Through my school years, I began to notice that some of my schoolmates were a little scared of me. I was aggressive, sarcastic, never serious and cold. Around sixth grade, I was pretty much a loner. Nobody really wanted to be friends with the class ass. My first year of high school welcomed me with some friends who were similar to me. I was basically labeled as one of the 'leather jacket-wearing, cool kids', even though I never wore leather.
I had considered myself bisexual in eighth grade, but then declared myself gay in nineth grade, which was a bad idea, since at the time, my uncle & I were living in New Orleans. And we all know how the south generally accepts gays.
After freshman year, I moved to New York for sophmore & junior year. Being in a more liberal state felt better. I wasn't looked down on as badly by my peers for those years.
Came out to my uncle when I was 16. Boy. Talk about what you didn't fucking expect.

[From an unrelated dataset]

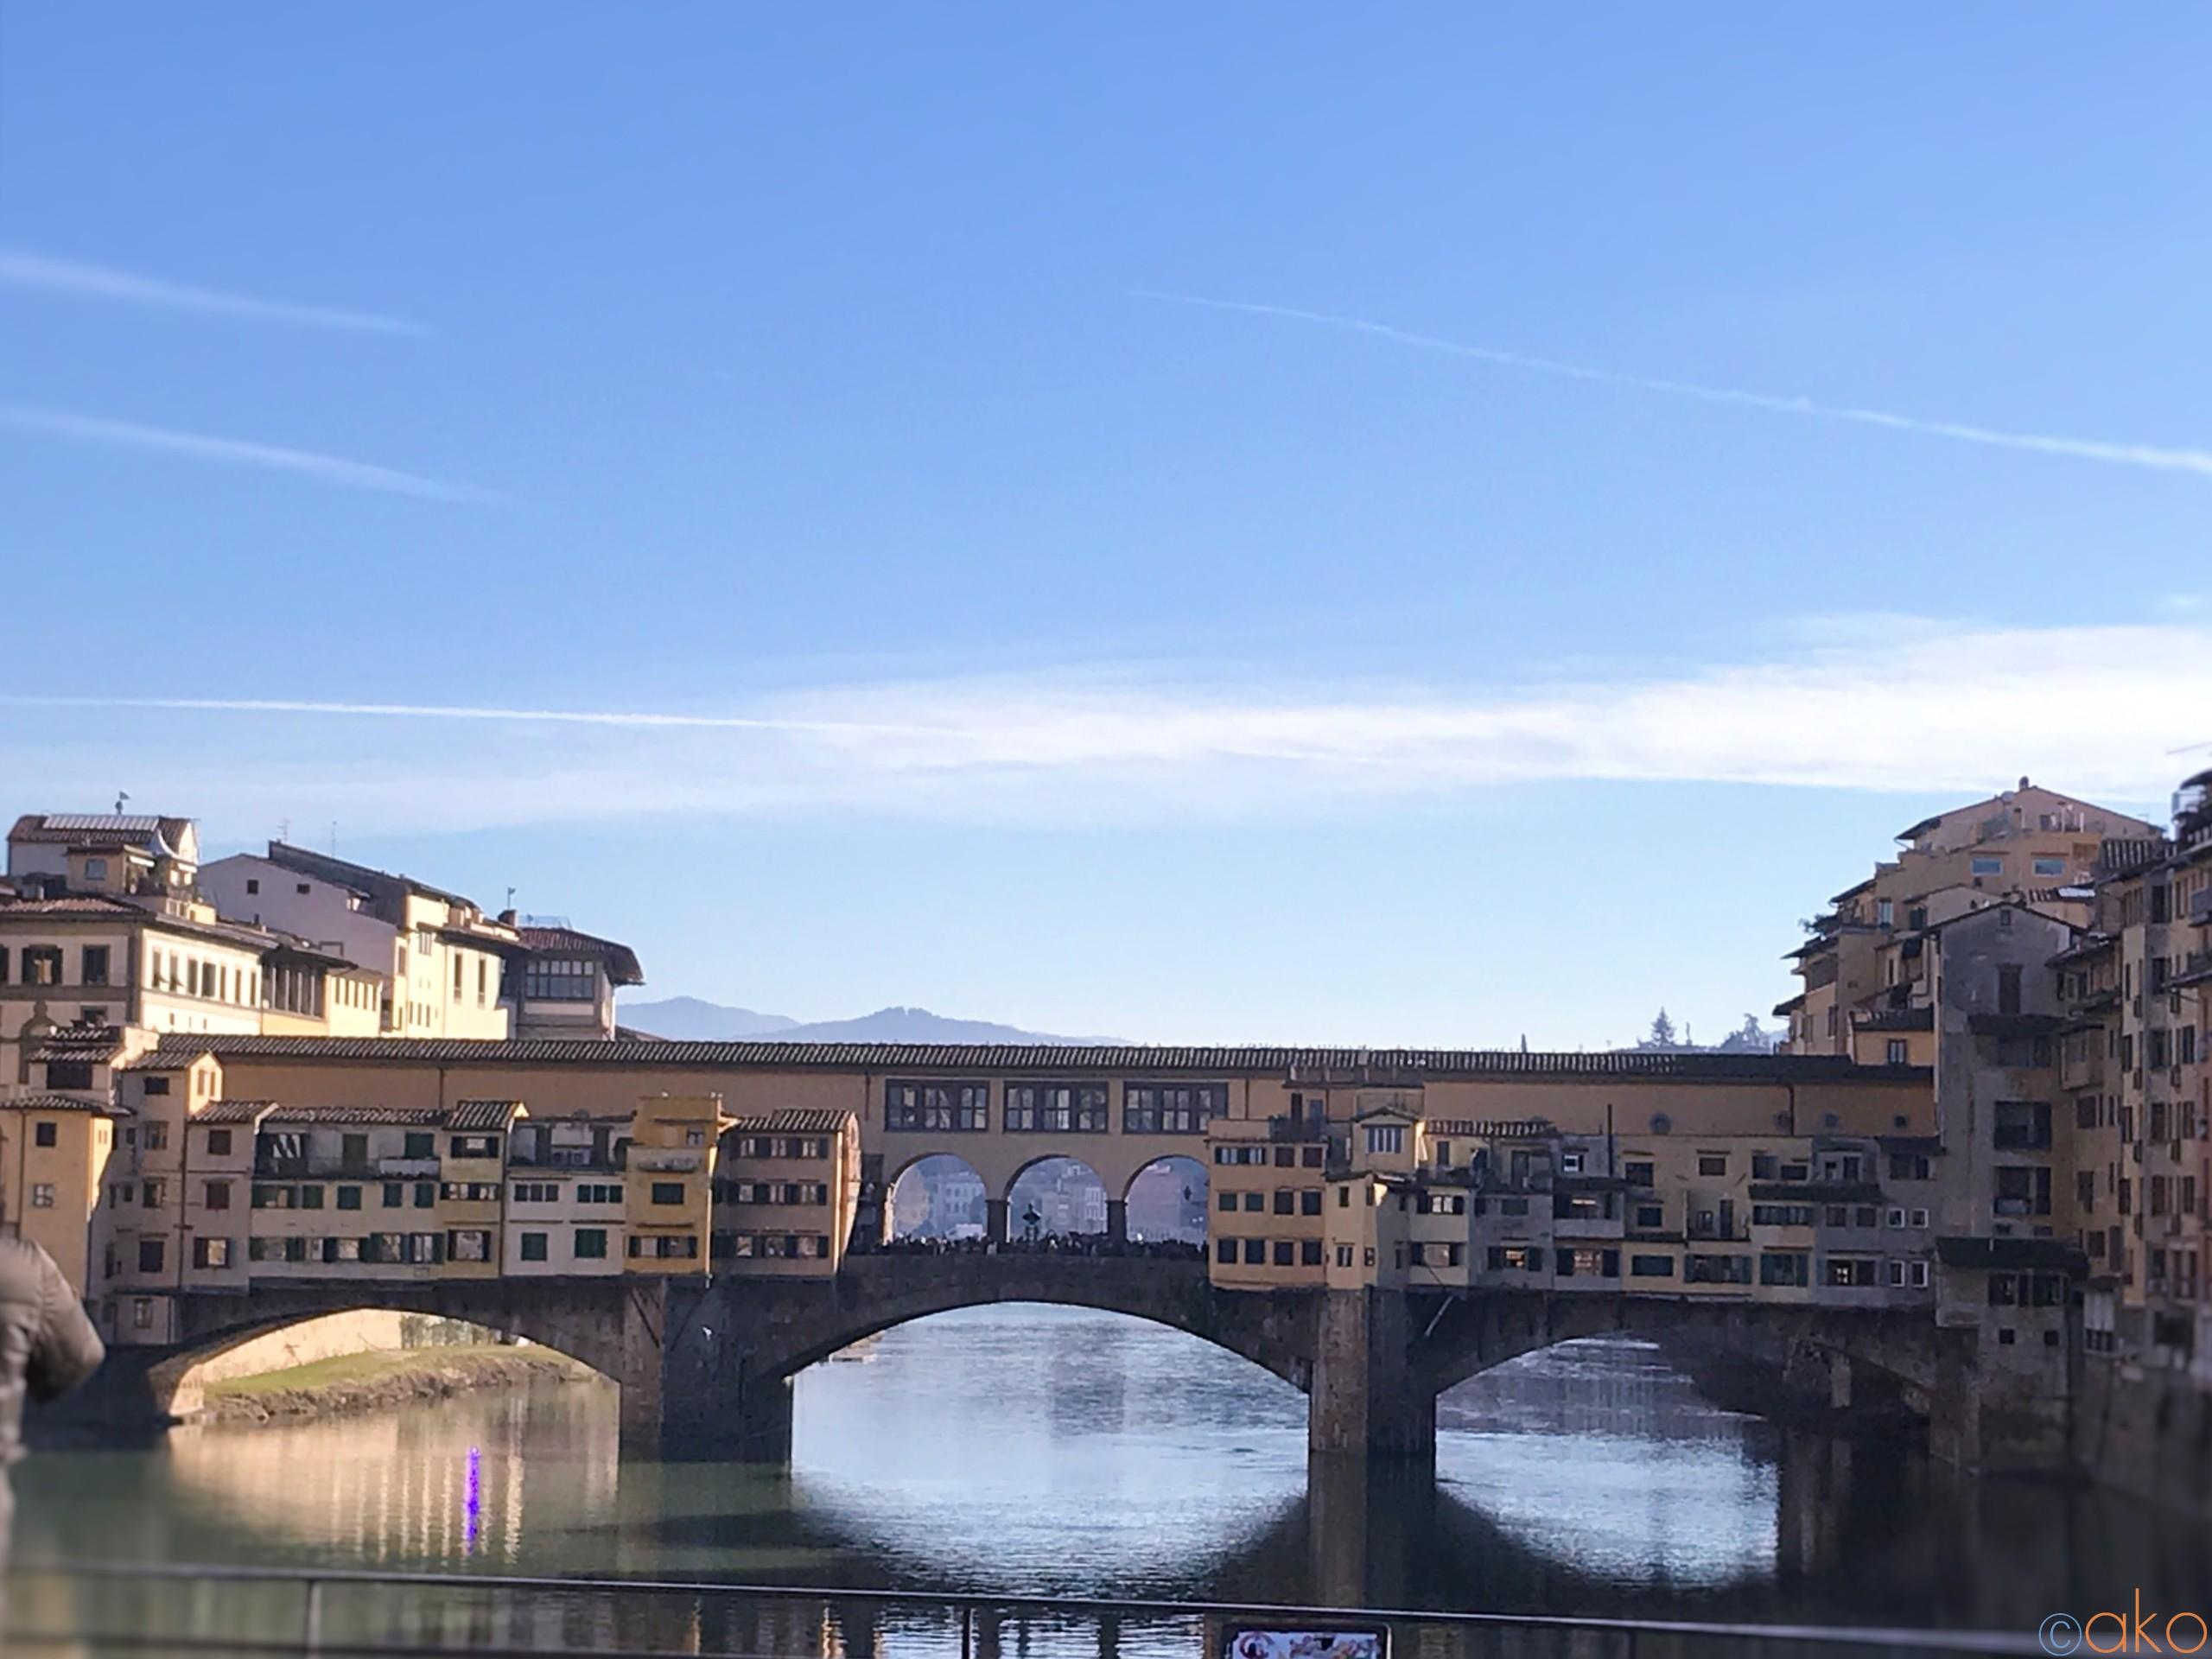 フィレンツェの街に華を添える明橋「ヴェッキオ橋」堪能ガイド♡ | イタリア観光ガイド

It had actually been the first time in years I was scared of something. It took me four days to get the stones to tell him, but I eventually did. I had expected him to yell, scream, beat, curse & whip. Instead, what I got was an angry snort & a "well, at least you're not the faggy kind; you're tough." With the exception of "that didn't suck TOO much," it was the nicest thing he had ever said to me.
Now, I was in my senior year of high school & open to all who ask. I had also moved to Seattle. I always let people know about me. But it's one of the very few REALLY personal things I tell people. Uncle Ray always told me to never let on too much. So telling people I'm gay is one of the few things I let on. Other than that, I tell the basic things & let people know a little about me.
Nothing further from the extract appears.